Речь идет о том, что в автобиографических построениях субъект волен легитимизировать лишь те фрагменты своей жизни, которые сам считает значимыми и согласующимися с его представлениями о себе и внутренними мотивами повествования. Он включает в автобиографические тексты одни события и исключает другие, искажает смысл или подменяет акценты в третьих и даже вообще иногда включает в личную историю выдуманные или заимствованные эпизоды, отсутствующие на его жизненном пути, но которые ему все же хотелось бы пережить и включить в структуру личного опыта. В основном это касается явлений внутреннего плана (интерпретации чужих чувств, переживания собственных инсайтов, метафизических открытий, духовных откровений), но может затрагивать и саму биографическую канву, хотя она и подлежит верификации извне. В этом плане если жизнь субъекта протекает в форме «бытия-под-взглядом», то автобиография строится как «бытие-под-собственным-взглядом».
Строя автонарратив, субъект осуществляет метадеятельность по отношению к собственному сознанию, позволяющую путем смысловой интерпретации, амплификации и трансформации событий и происшествий жизни достигать переживания аутентичности. Конечная цель построения и повествования личных историй – создание приемлемого и в той или иной мере достоверного (и/или компенсаторного) образа себя и своего жизненного пути как результата авторефлексивного опыта.
Одновременно «бытие-под-собственным-взглядом» переживается как акт индивидуальной свободы и составляет часть процессов внутреннего моделирования и экспериментирования, позволяющих осуществлять целеполагание, а впоследствии воплощать их результаты в поступки и деяния. В этом плане автобиографирование может быть в перспективе рассмотрено как значимый аспект управления личностью процессами собственной жизни (самоорганизации) и – шире – как элемент саморегуляции.
М. Хайдеггер (2013), обсуждая идею Dasein («здесь-существование», «вот-существование»), выделив в нем два противоположных модуса бытия или, иначе, две разные формы экзистирования субъекта – eigene (аутентичную, собственную, свою, принадлежащую только себе и, в конечном итоге, – свободную) и uneigene (неаутентичную, неподлинную, отчужденную от смыслов существования конкретного субъекта).
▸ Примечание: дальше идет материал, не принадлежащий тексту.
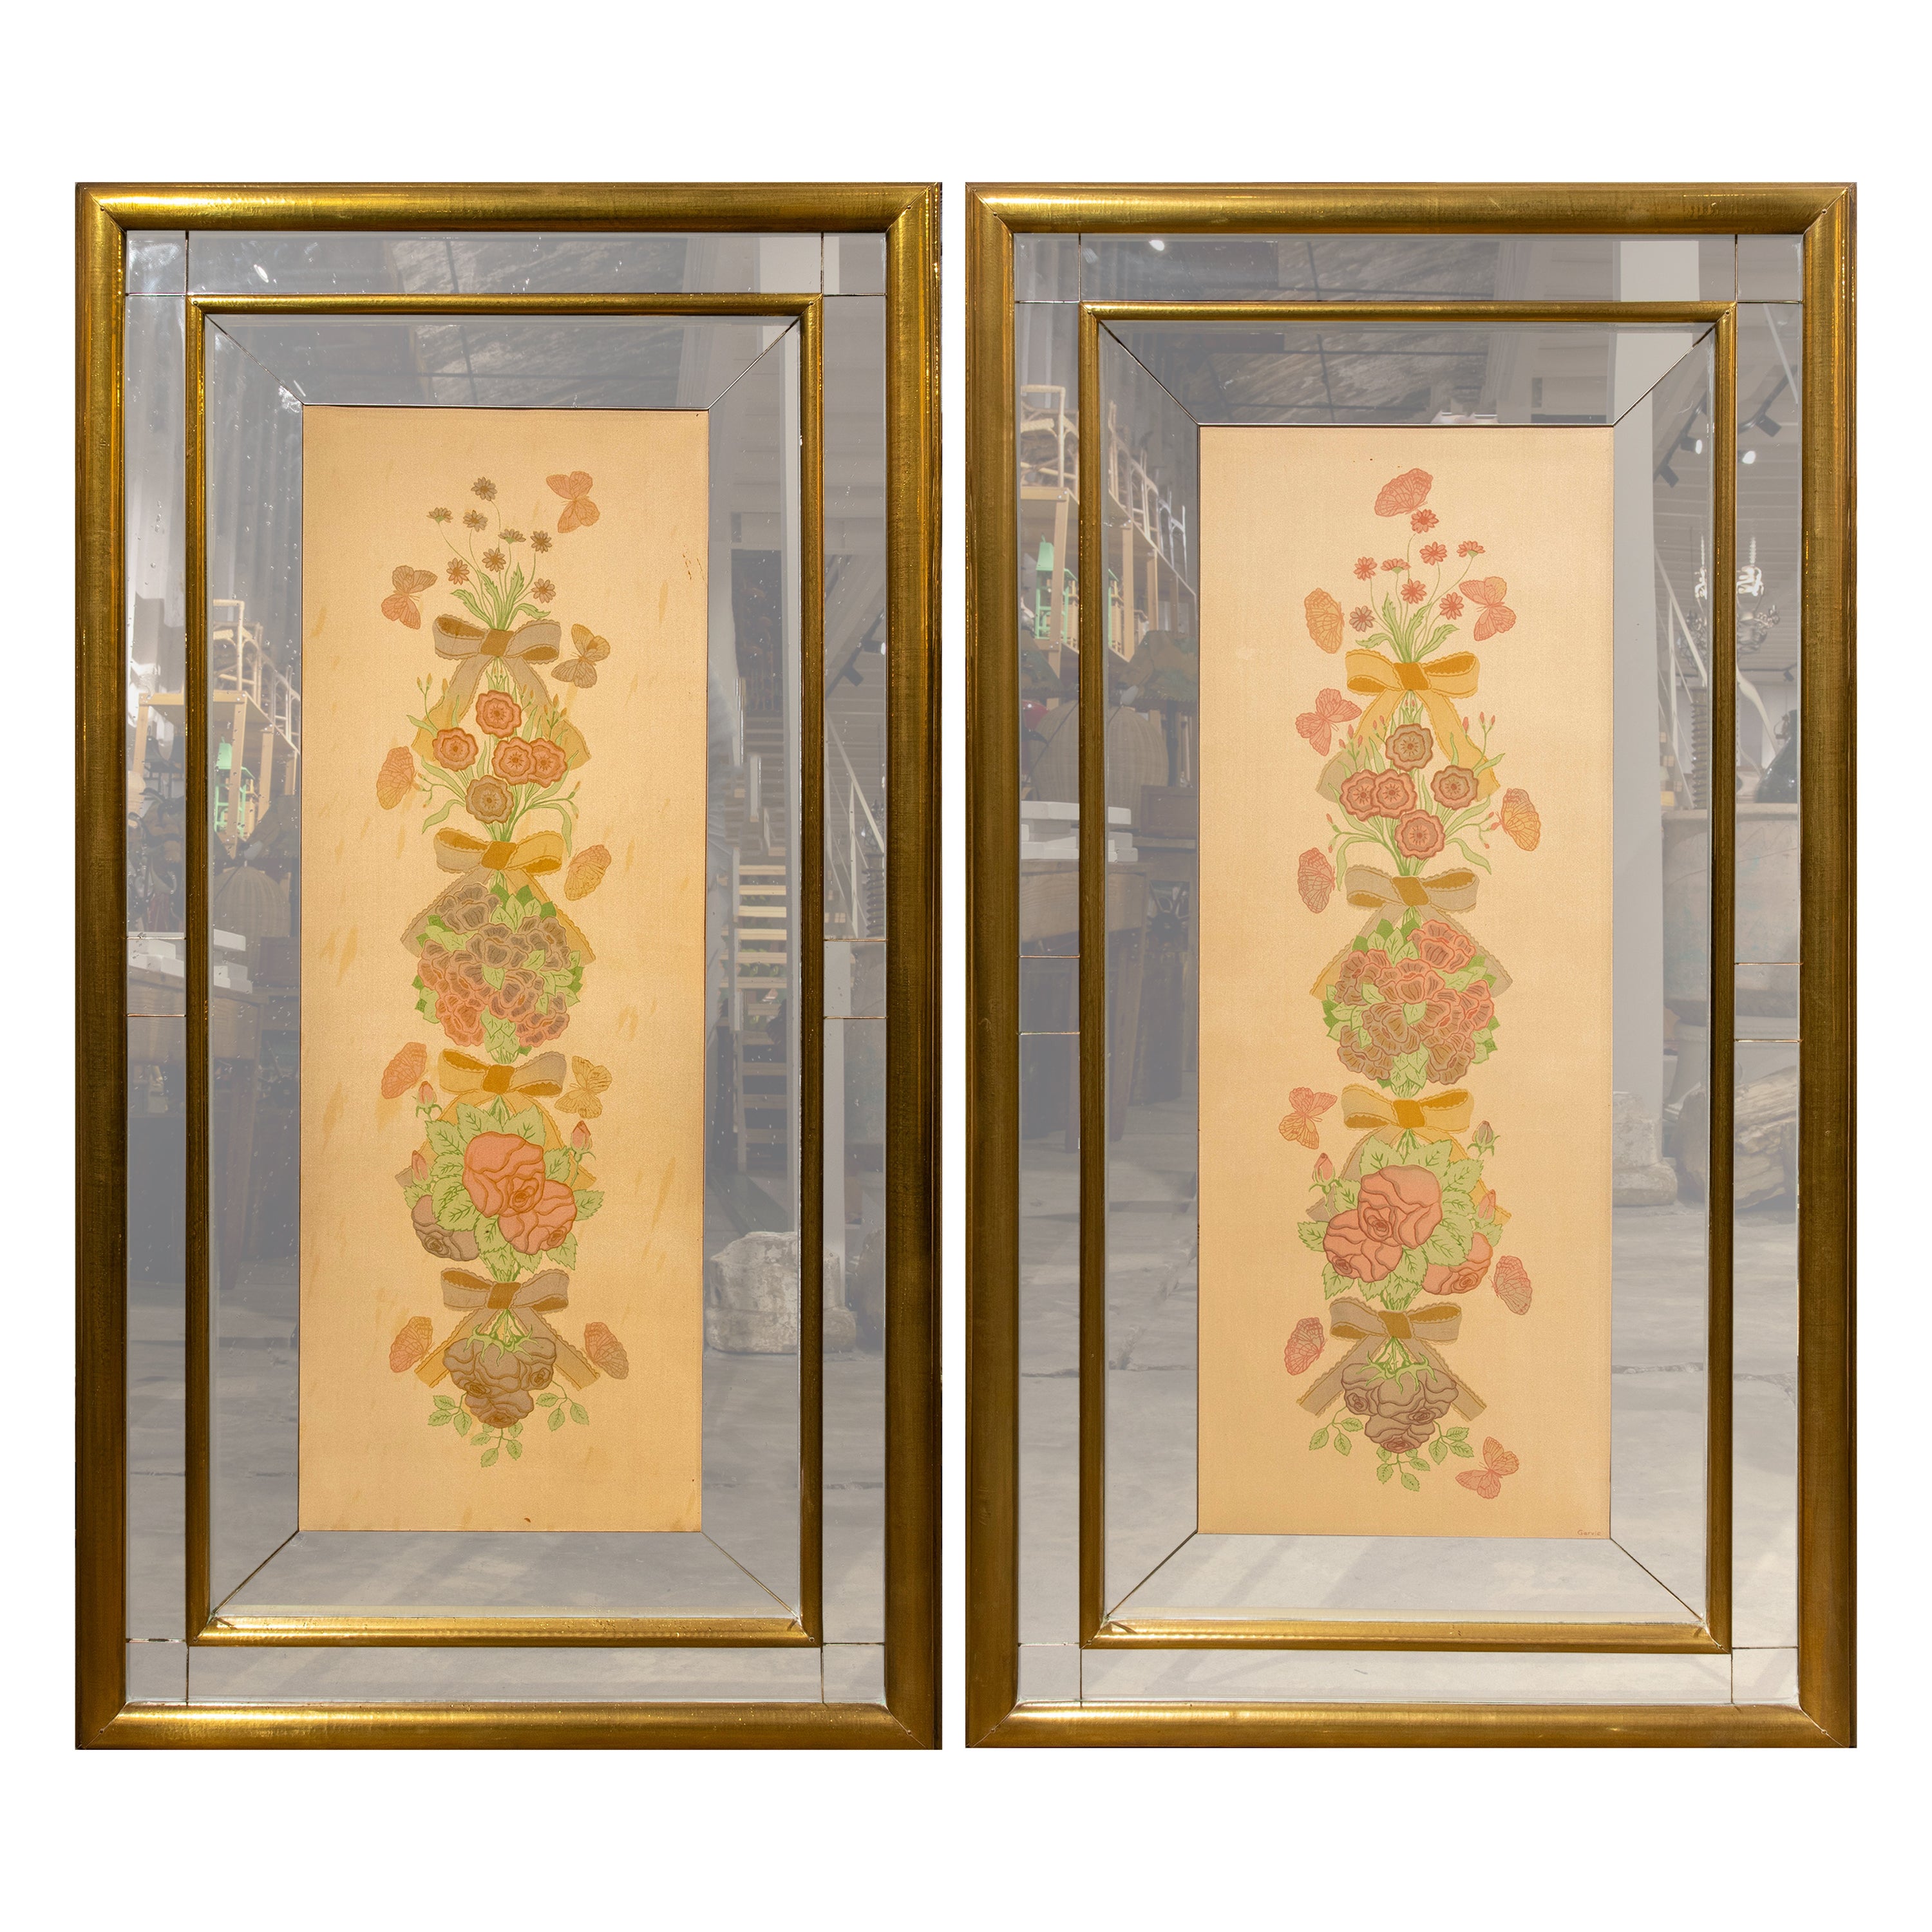 1970er Jahre, Paar handgemalte Blumenbilder auf Seide mit vermessingten Rahmen

По большей части субъект пребывает в неаутентичном существовании, постоянно стремясь воплотиться, проявиться в аутентичном. В «бытии-под-собственным-взглядом» осуществляется осознание, что разные экзистенциалы (одиночество, ответственность, счастье, долг, вера, призвание и т. д.) могут выступать для конкретной личности либо как аутентичные, либо как неаутентичные в пределах обеих форм экзистирования.
Рассмотрим это на примере переживания одиночества, которое может осознаваться либо как конгруэнтное личности состояние, либо как некомфортное, отягощающее переживание ею внутреннего благополучия.
Из регистра неаутентичного существования, требующего от субъекта общительности, построения социальных связей и пр. как социально желательных характеристик, одиночество может восприниматься как вполне аутентичное состояние: «мне приходится жить не своей жизнью, ну что ж, мир – театр, и я играю в нем положенную роль, но мое одиночество – моя защита от людей, и оно меня не тяготит». В процессах автобиографирования мы наверняка встретим сюжеты «одиночества в толпе», «усталости от людей», «удовольствия побыть одному» и т. п.
Однако в режиме аутентичности, ориентированном на потребность в близком, в Другом, осознанные факты одиночества, невостребованности, отсутствия желаемого количества значимых эмоциональных связей могут казаться личности неаутентичными: «я остро жажду совместности, но я одинок, и это ранит меня». Возможно, в этом случае при автобиографировании, всячески стремясь опровергнуть, оттолкнуть от себя факт атрибуции одиночества своей личности, субъект компенсаторно будет «вычеркивать» его из личных историй, представляя себя как коммуникабельного человека, пребывающего в гуще социальных отношений («вам кажется, что я одинок, а я просто избирателен»). Автобиографирование здесь явит себя как психологический механизм защиты личности, и в рассказываемых историях будут совершаться подмены, выдуманные вставки, призванные утаить от слушателя отвергаемый факт одиночества. Тем самым нарративный продукт будет удалять личность от собственной подлинности, хотя и приближать личность к слушателям и к той социальной норме, которой субъект считает необходимым следовать («быть одиноким – плохо, позорно»).
Также для кого-то другого в модусе аутентичности одиночество будет осознано как абсолютно аутентичный, добровольно принятый и даже желанный факт («да, моя жизнь требует от меня закрытости и замкнутости, и, к счастью, я таков и есть, мне комфортно быть таким и мне не приходится обуздывать свой характер: одиночество мне не в тягость»). Тогда личные истории в этой части не подвергаются искажениям и будут полны фактами добровольного отшельничества, даже если это войдет в противоречие с некоторыми социальными оценками извне.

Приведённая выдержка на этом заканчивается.